Hmong community TV will hit airwaves

It may be the age of the Internet, but the airwaves are still a valuable resource, says Mitch Lee, founder of St. Paul-based Hmong TV station 3HmongTV.

The station has been chugging along since 2005 when Lee decided he wanted to create a Hmong-oriented TV station, combining his engagement with the Twin Cities Hmong community with his passion for producing video.

The modest station has grown significantly and recently hit a milestone - it will be broadcasting over a public high-definition TV signal, on Channel 50.2, starting in April.

The station shows a variety of content, including news coverage, events coverage, community talk shows and arts coverage.

The station will air in most of the Twin Cities metro, reaching far-flung communities such as New Prague, Forest Lake and Buffalo.

The station will also be showing content live at Hmong Village, the indoor Hmong marketplace at 1001 Johnson Parkway, starting in September.

“We’re hoping to catch a lot of those viewers (at the market),” Lee says.

The station has built a solid Internet presence, with over 2 million views on YouTube, but the broadcast signal should be a big step up, Lee says.

He says bringing the station to the airwaves means a lot more Hmong viewers will be able to see Hmong-language news.

For many of the viewers, he says, it can be difficult to access the station’s content over the Internet.

“They’re pretty much at home and all they have is a TV set, and they want to be able to watch.”

“A big resource”

East Side state Sen.
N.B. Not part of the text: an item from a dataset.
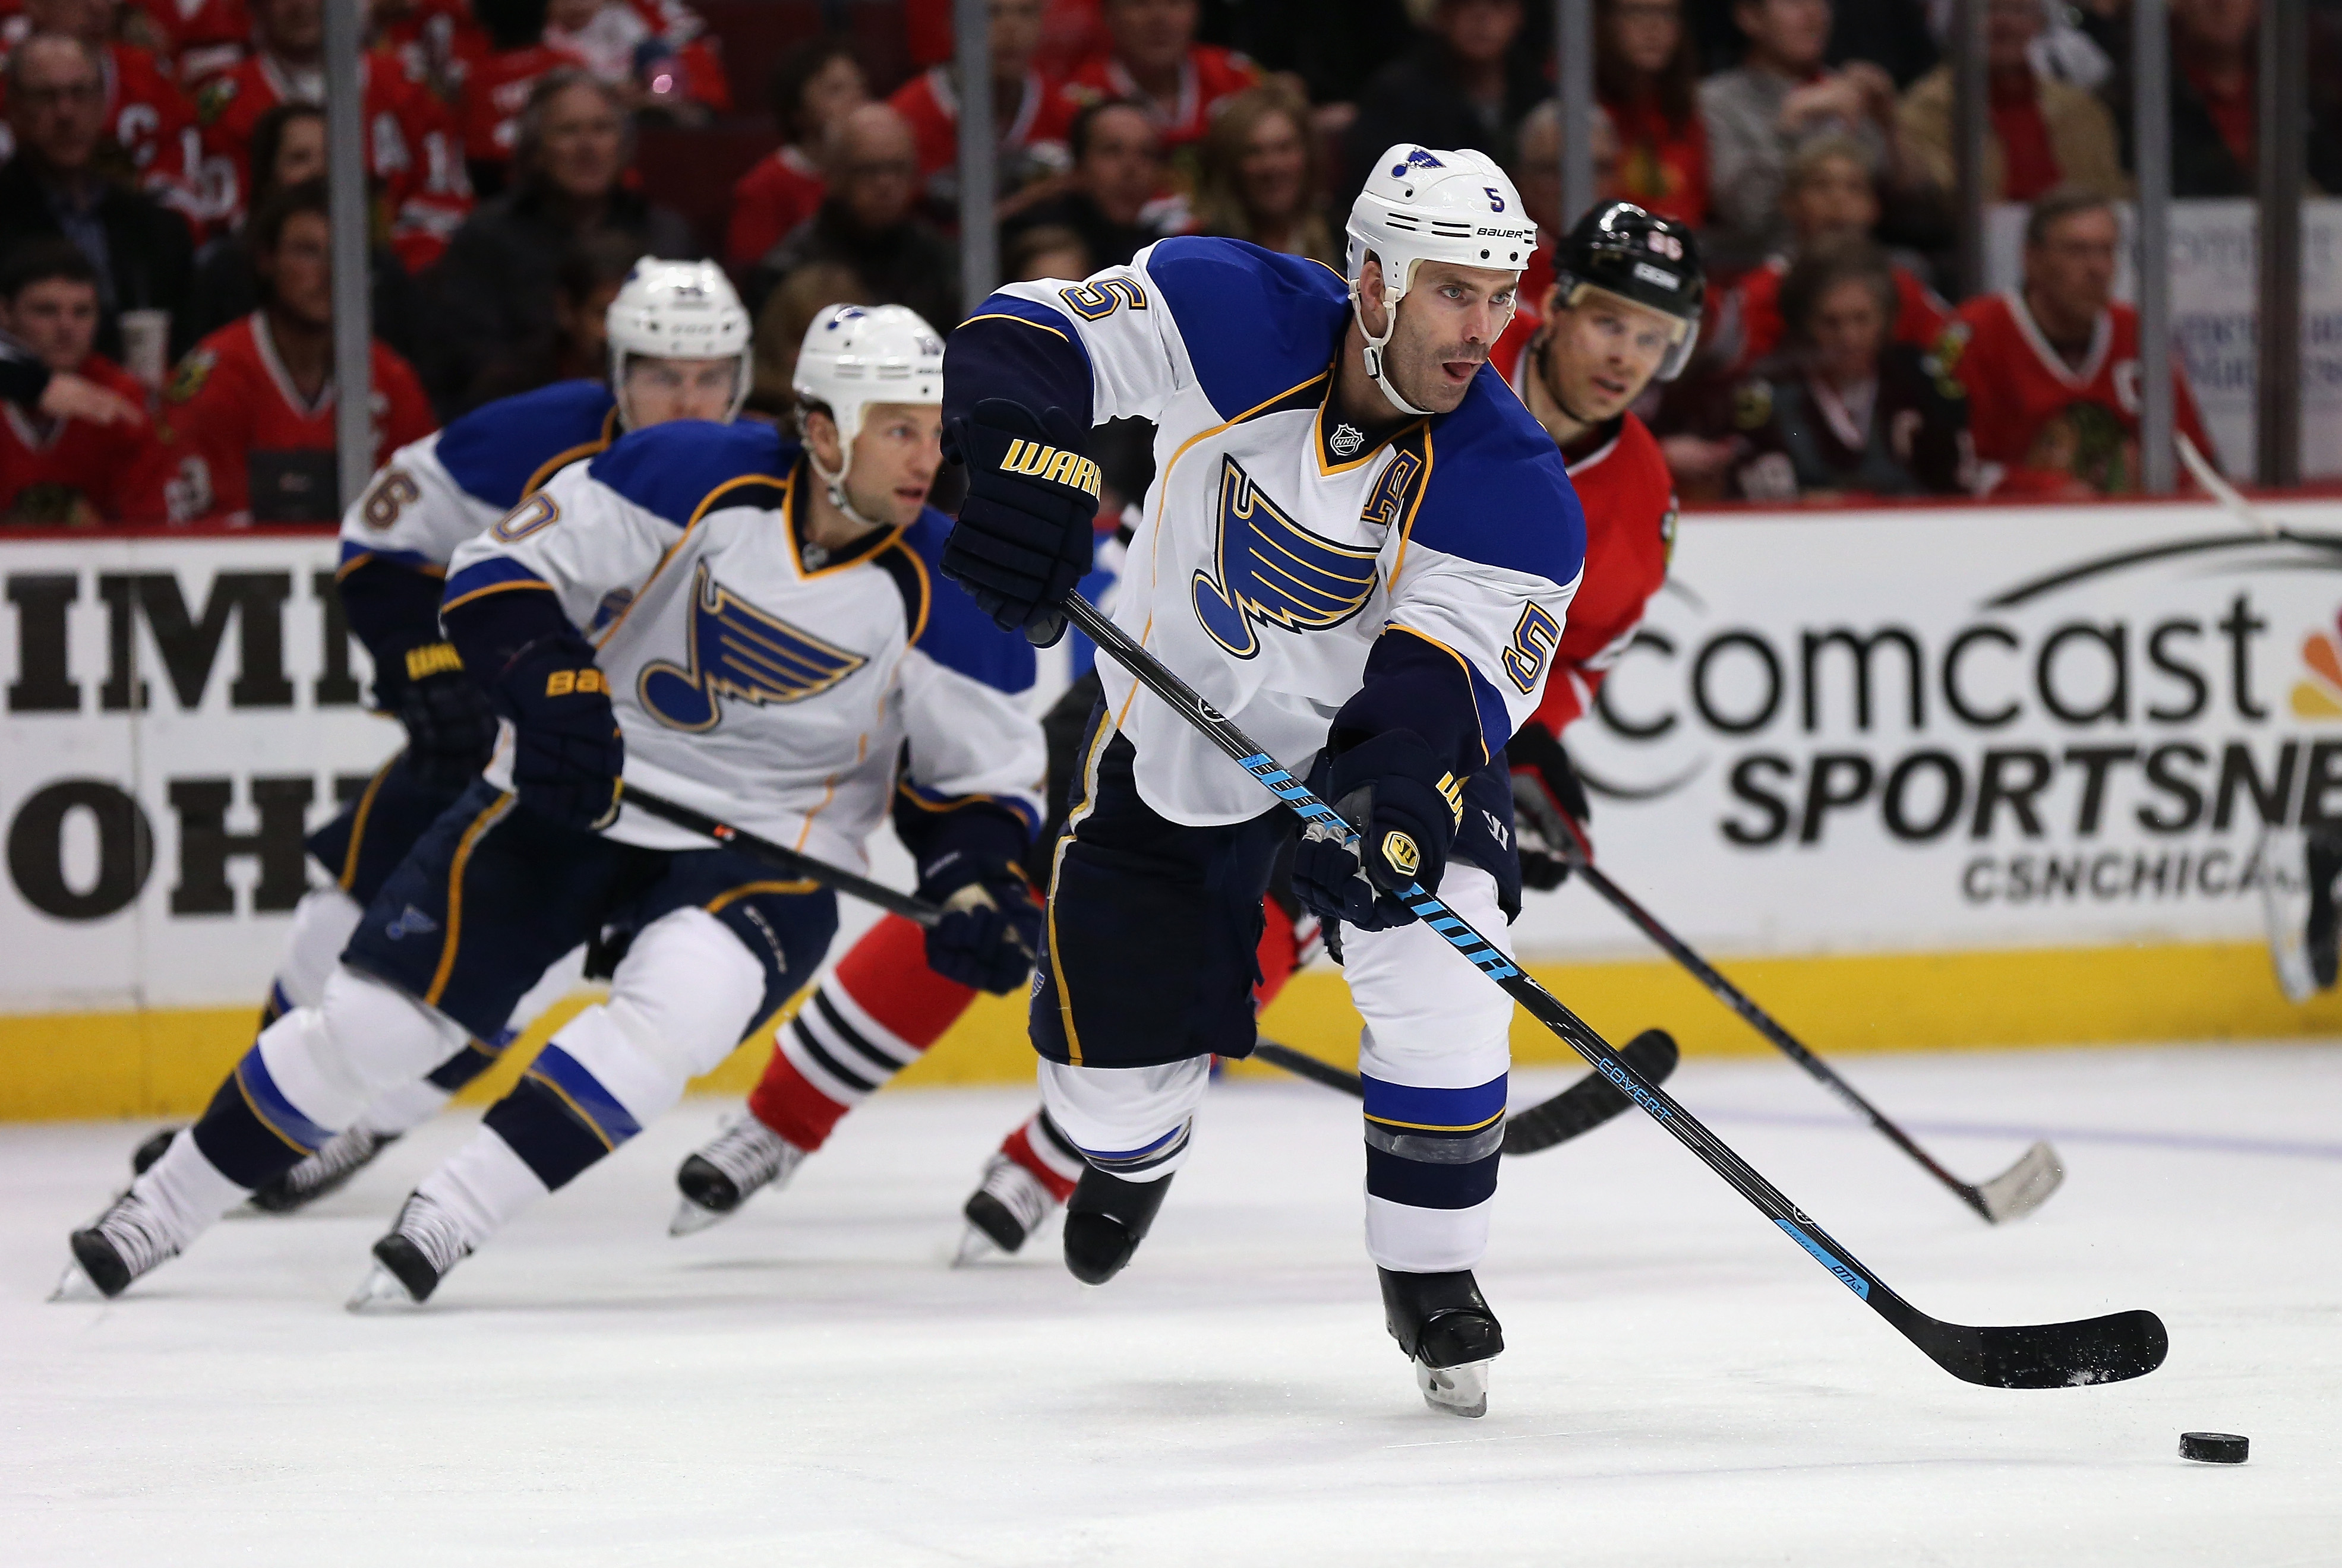 The Blues are showing why St. Louis is becoming the Heartland of Hockey

Fong Hawj lauded the TV station’s efforts to get a broadcast signal, saying “it’s very useful for the community to have.”

Hawj himself has a background producing Hmong-language TV in the state. Back in 1991, he produced a Hmong show for Twin Cities Public Television’s Channel 17.

He called those years “the golden years of public television,” when funding for programming was more solid.

But he says in a way he wishes he could be in Lee’s position, getting a Hmong station a broadcast signal.

“It will be a big resource for the Hmong community,” he says, explaining that the station could help new Hmong immigrants to feel more at home, and know what’s going on in their new locale.

Hawj has appeared several times on the station, to give legislatives updates in Hmong. He sees the station as one way of putting him in touch with constituents.

“I’m really happy that someone else has helped take another step forward,” he says. He also predicted that Somali and Hispanic broadcast stations could follow, as has happened in other states.

“It seems very new in Minnesota, but if you look in California (and other states),” he says, “they have had whole rounds of ethnic programs for years and years.”

A lifelong passion

Lee has been into video production since he was in high school in the mid-80s, but it got put in the background as he pursued a career in information technology.

Then in 2005, he decided it was time to go back to trying video.

He recalls thinking to himself that he needed “to do something for the community.”

He started the company with his own funds, sometimes paying out of pocket here and there to keep it going, while still working a day job.

More recently, he’s gone to just working at the station. He sometimes works 12-hour days in hopes that it will pay off and that the station will grow.

“I love what I do here,” Lee says. “It’s sort of like a passion for me.”

Skeletal crew

As it stands now, the station’s crew is pretty skeletal, with the seven staffers working mostly as volunteers, doing everything from on-camera work to editing and even sales.

Kabyeej Jeff Wang has been with the station for about five years.

He says he was drawn in because he sees the station as an important resource.

He’s doing everything from hosting a talk show to reporting in the field to selling ads.

Despite the flurry of volunteered work, he says it’s what he wants to be doing, and it serves as a change of pace from his day job as an insurance salesman.

Lee says he’s hoping to pull in more volunteers. In particular, he’s hoping to attract young people, both as viewers and for making TV shows.

It’s been somewhat of a challenge, he says. But he does have at least one willing young person on his team -- his 18-year-old daughter is helping out, and may be playing a part in starting an English-language show on the station.